Task objective | Every line below that has the string "ggvirtualshop" needs to be copied.

Input data |
[Start of section]

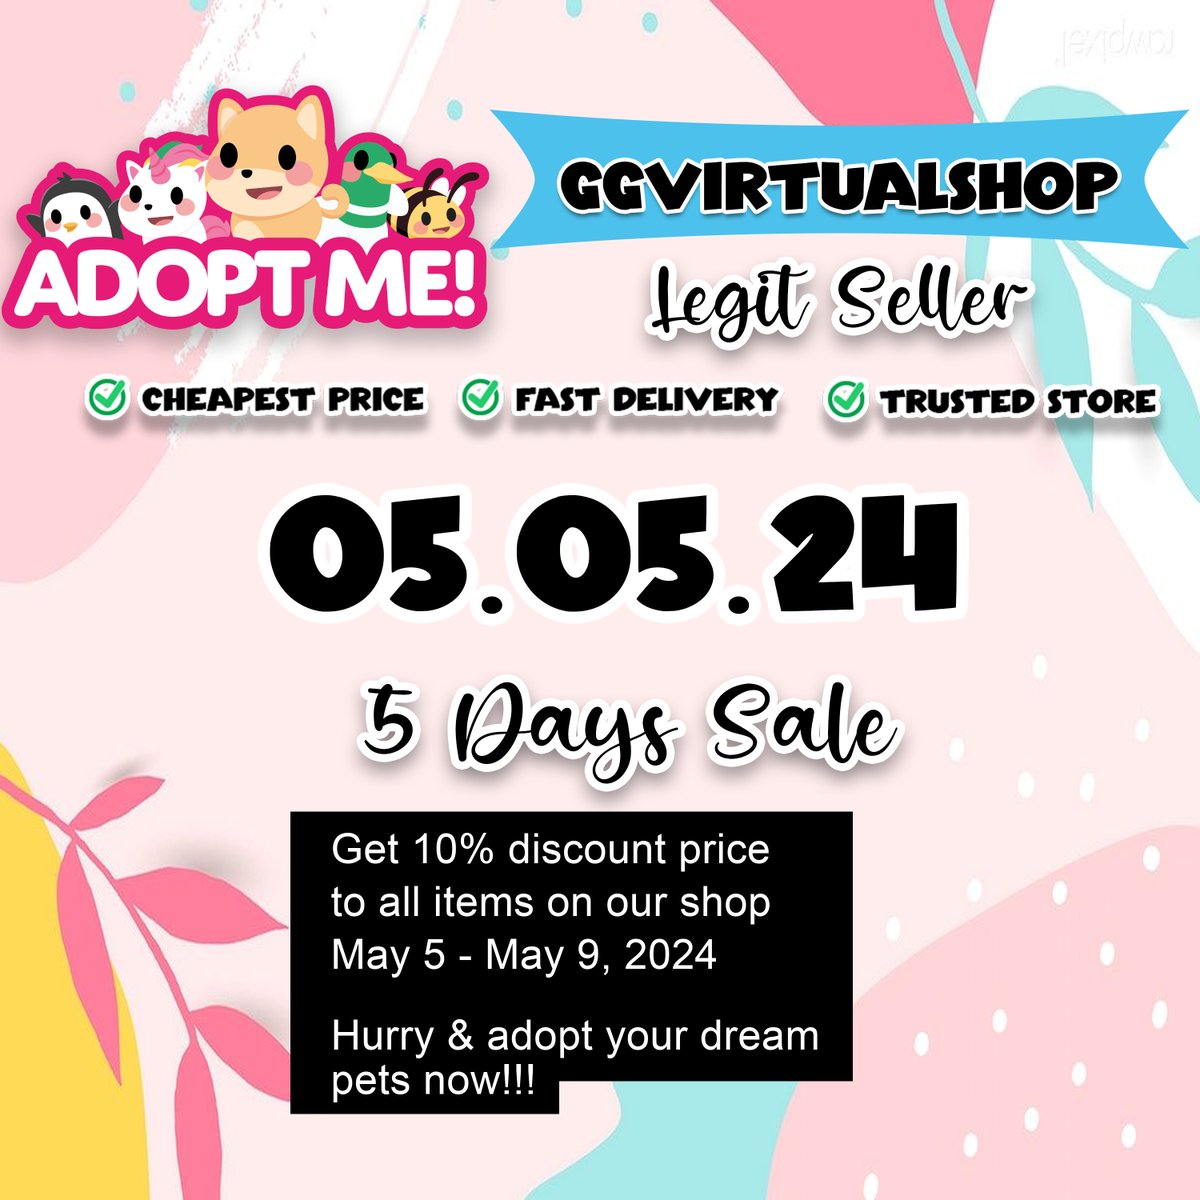 Hello guys our shop is on SALE NOW May 5 - May 9, 2024 it's a 10% discount price to all the pets in our shop. See you soon guys😇 
Adopt you dream pets now!
This is  our shop link: ggvirtualshop.etsy.com

#Adoptme #AdoptMePets #AdoptmeRoblox #adoptmeoffers #ggvirtualshop
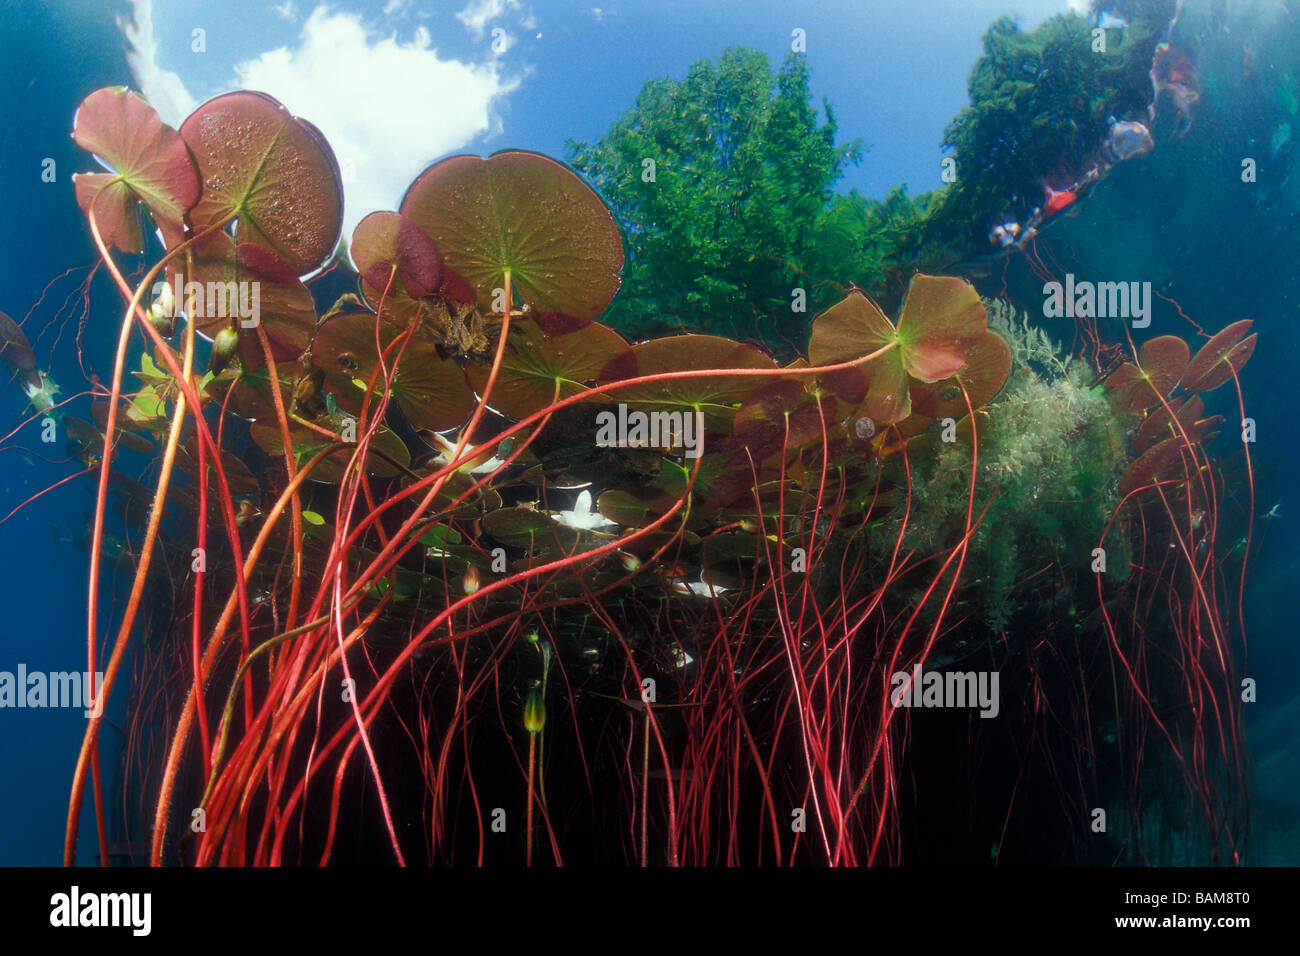 Pond of Waterlily Nymphaea Aliwal Shoal South Africa Stock Photo

[End of section]

Solution for this exercise |
This is  our shop link: ggvirtualshop.etsy.com
#Adoptme #AdoptMePets #AdoptmeRoblox #adoptmeoffers #ggvirtualshop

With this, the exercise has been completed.